There are a couple of other places in the Wimp other than task switching where problems can occur with UpCalls, and they needed minor changes as well, to ensure that they wouldn't be affected in the same way. The Wimp is pretty good in its handling of task switches, though, so it was pretty easy to locate the problematic cases.

Unreliable Alt-break handling

There is another lovely race condition in the Kernel, which manifests itself through the Alt-break operation failing in a bad way (usually killing the machine, or random tasks). Alt-break usually displays an error box asking if you want to kill the current task, or offers the opportunity to kill another task, and will cycle through them. It is implemented through the reasonably obvious methods - trap the key press, trigger a transient callback to display the dialogue, and then either page in the task and kill it, or just kill it if the task is already paged in.

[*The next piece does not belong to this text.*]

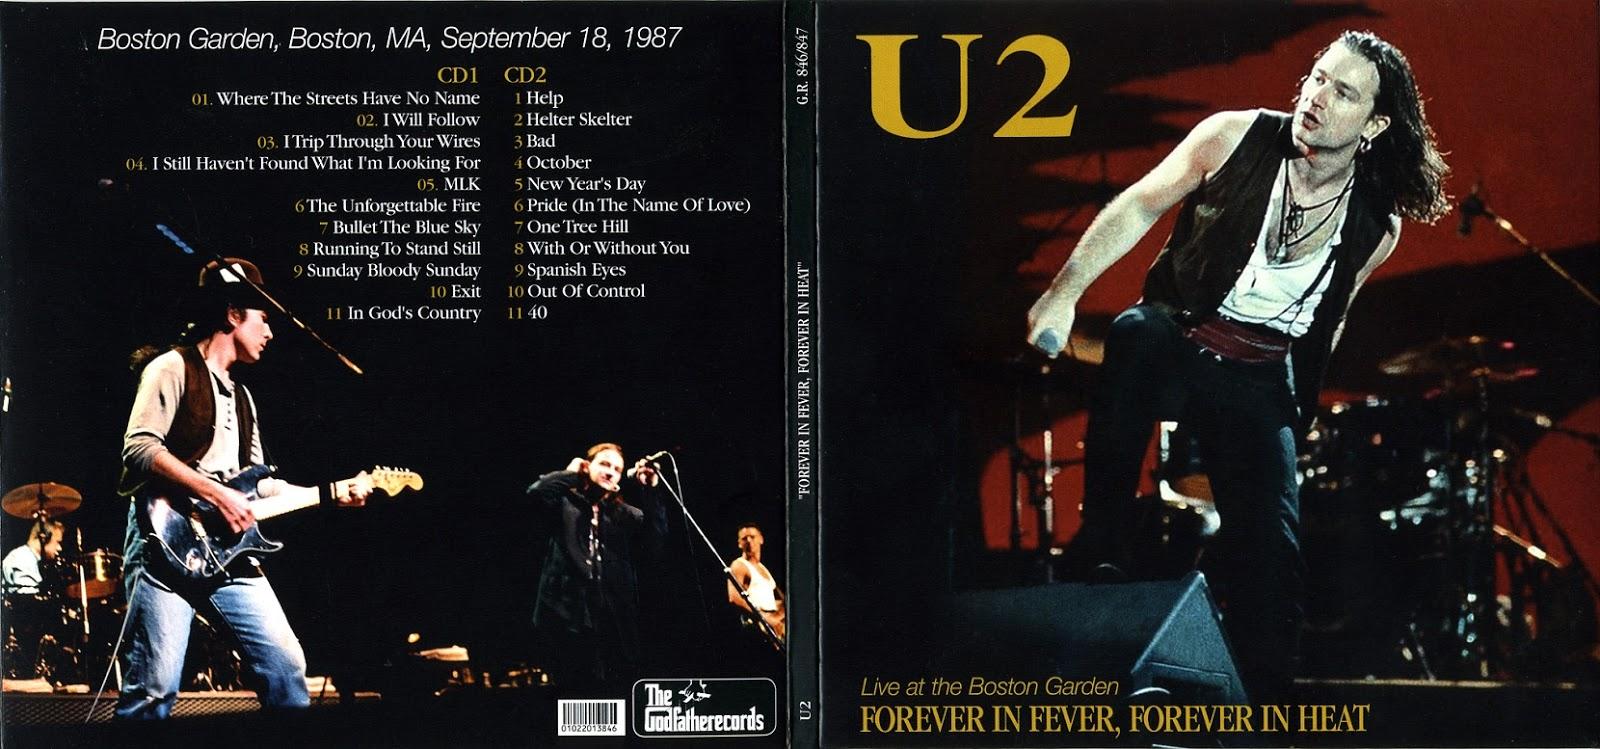 U2 boston live dvd - Kaze no stigma episode guide season 2

However, there are problems with non-transient callbacks. Non-transient callbacks can be requested by applications, and cause the system to return to the callback handler the next time that the system exits back to user mode. Usually these are used to perform task switches, for example in TaskWindow, but they can also be used for other purposes. The callback handler is called after any transient callbacks which have been set up. It should be obvious to see that there is a race condition there.

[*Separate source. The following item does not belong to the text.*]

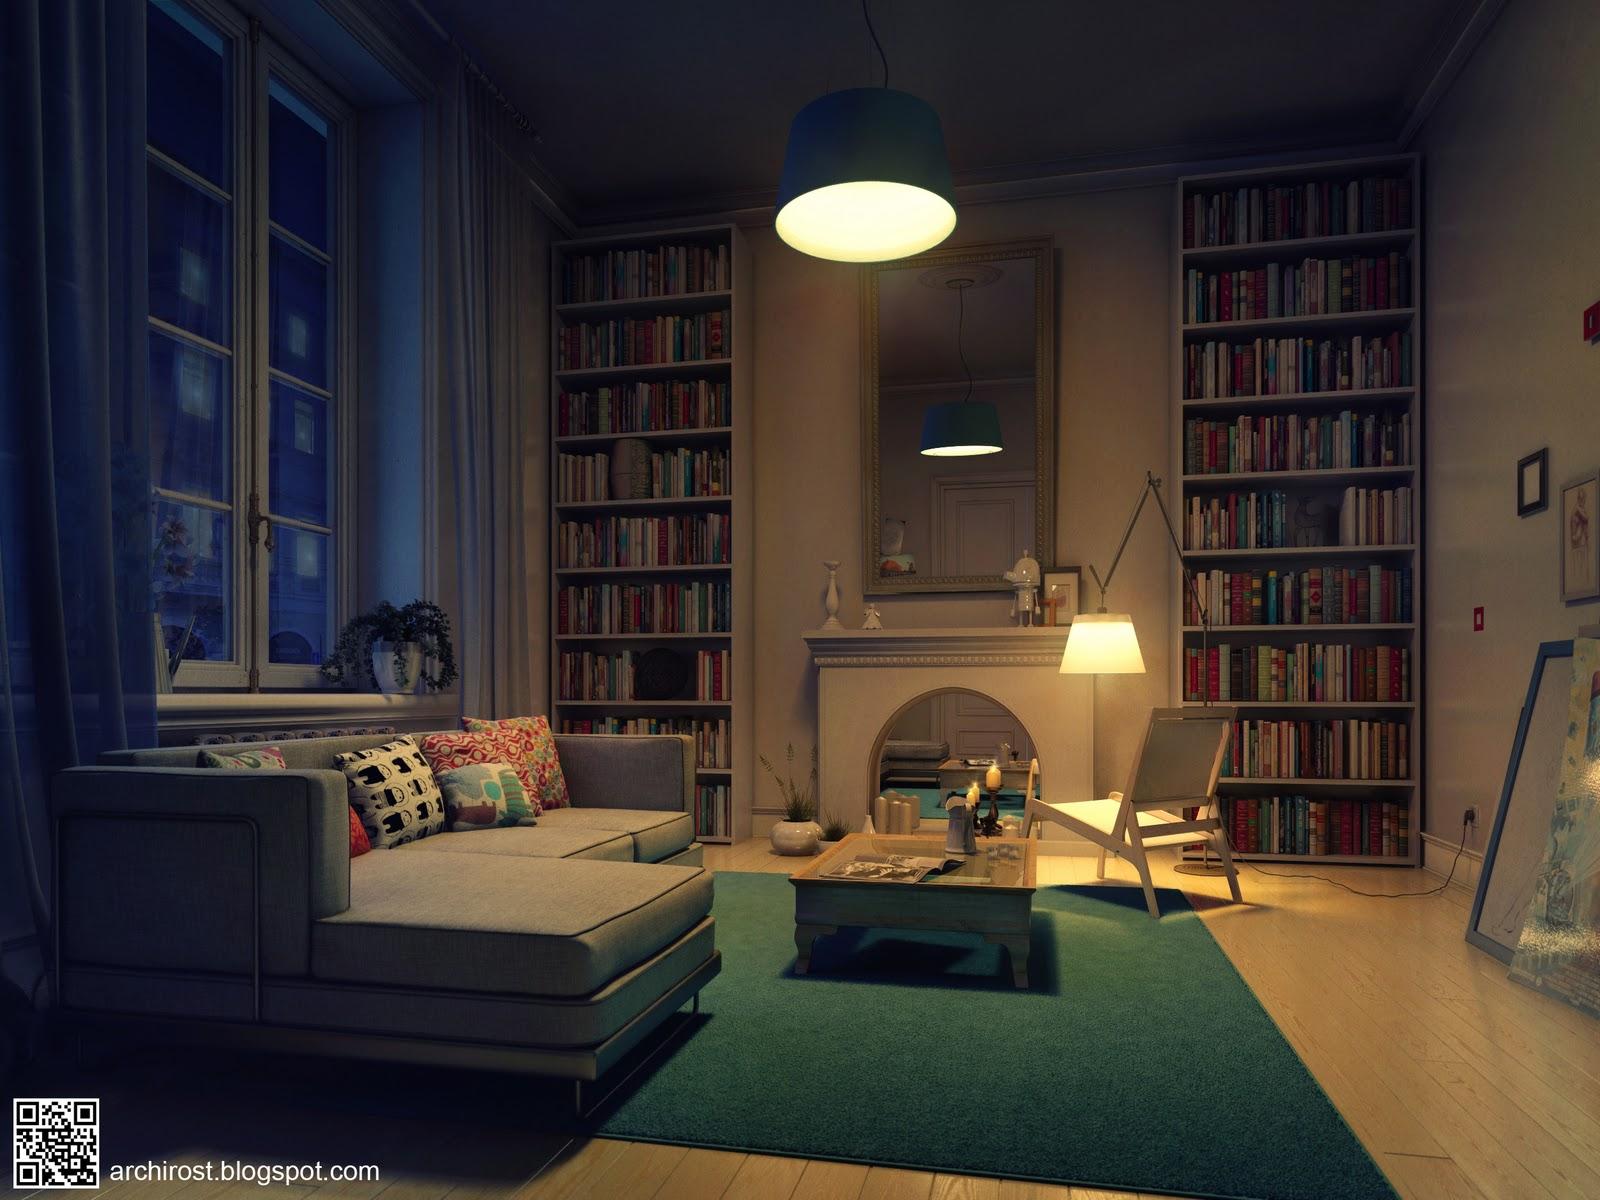 Vray освещение интерьер

It is particularly bad in a heavily loaded system which is performing a lot of transient callbacks - as is the case for most Internet operations.

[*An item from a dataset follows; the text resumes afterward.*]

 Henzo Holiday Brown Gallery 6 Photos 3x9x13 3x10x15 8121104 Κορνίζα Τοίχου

As well as correcting the 'return to user mode' handling, I remember adding some more checking and safety within the WindowManager to ensure that it shouldn't cause issues on other systems. It might not seem like the problem is that significant, but it was important enough to make 'Use Alt-break' the second in the list of 'Things Not To Do'.

Message registrations bug

Whilst trying to handle filtering of messages for applications, I found a rather strange bug that appeared to have been there since RISC OS 3. When an application starts up it registers itself with SWI Wimp_Initialise and on RISC OS 3 can supply a list of messages. If it doesn't supply a list of messages, it will receive no messages at all (assuming that it is a task which registered itself with a version number > 310). If it supplies a list that contains no entries, it will receive every message that is sent to it (either directly or broadcast). If it supplies a list which contains a list of message numbers, it only receive those messages.

It is somewhat strange and I am sure there was a good reason for this way of working. This filtering prevents tasks from handling other messages reliably. Normally, if you were to install a filter on an application, it would be because you wished to perform additional operations above it - usually involving new messages that the task did not know about. If the message you were interested in wasn't in the list, it wasn't coming in. So the filter would call the new SWI Wimp_AddMessages to inform the Wimp that it was actually interested in more messages than the application had originally said.

There is also a SWI Wimp_RemoveMessages to tidy up when the filter is done, but as the message registrations are not reference counted, this could be destructive. So, either the filter has to keep handling the operations safely after it has completed handling them, or assume that the application will ignore the messages which it didn't know about. In general, we assume the latter, although (as I have mentioned in an earlier ramble about problems with DeskLib) even this behaviour shouldn't really be relied on.

Anyhow, that's what you would usually do. There was no way to read the message list for the application, so it isn't possible to check what the current state of message handling is - and usually you don't care. However, in the rare case that the application wants to receive all messages the correct implementation is to pass an empty list. I say it is rare because just about every application from RISC OS 3 onwards has supplied a list of the messages it cares about. There are only a few rare occasions when you need to receive all the messages, and those are usually only for diagnostic purposes.

If you had an empty list, and you add messages to that list, it changes the behaviour in the wrong direction - from accepting all messages (empty list), it now accepts only a subset of messages (the messages that were added). It is an amusing case - and one that is explicitly coded around in the Toolbox filters. The 'fix' (if you can call it that) is to just discard the message list if we are already accepting all messages. It isn't that complicated, but it goes to show two things. Firstly, if you have an odd interface it will come back and bite you. Secondly, rare cases do occur and you do have to consider them - and curse that you didn't .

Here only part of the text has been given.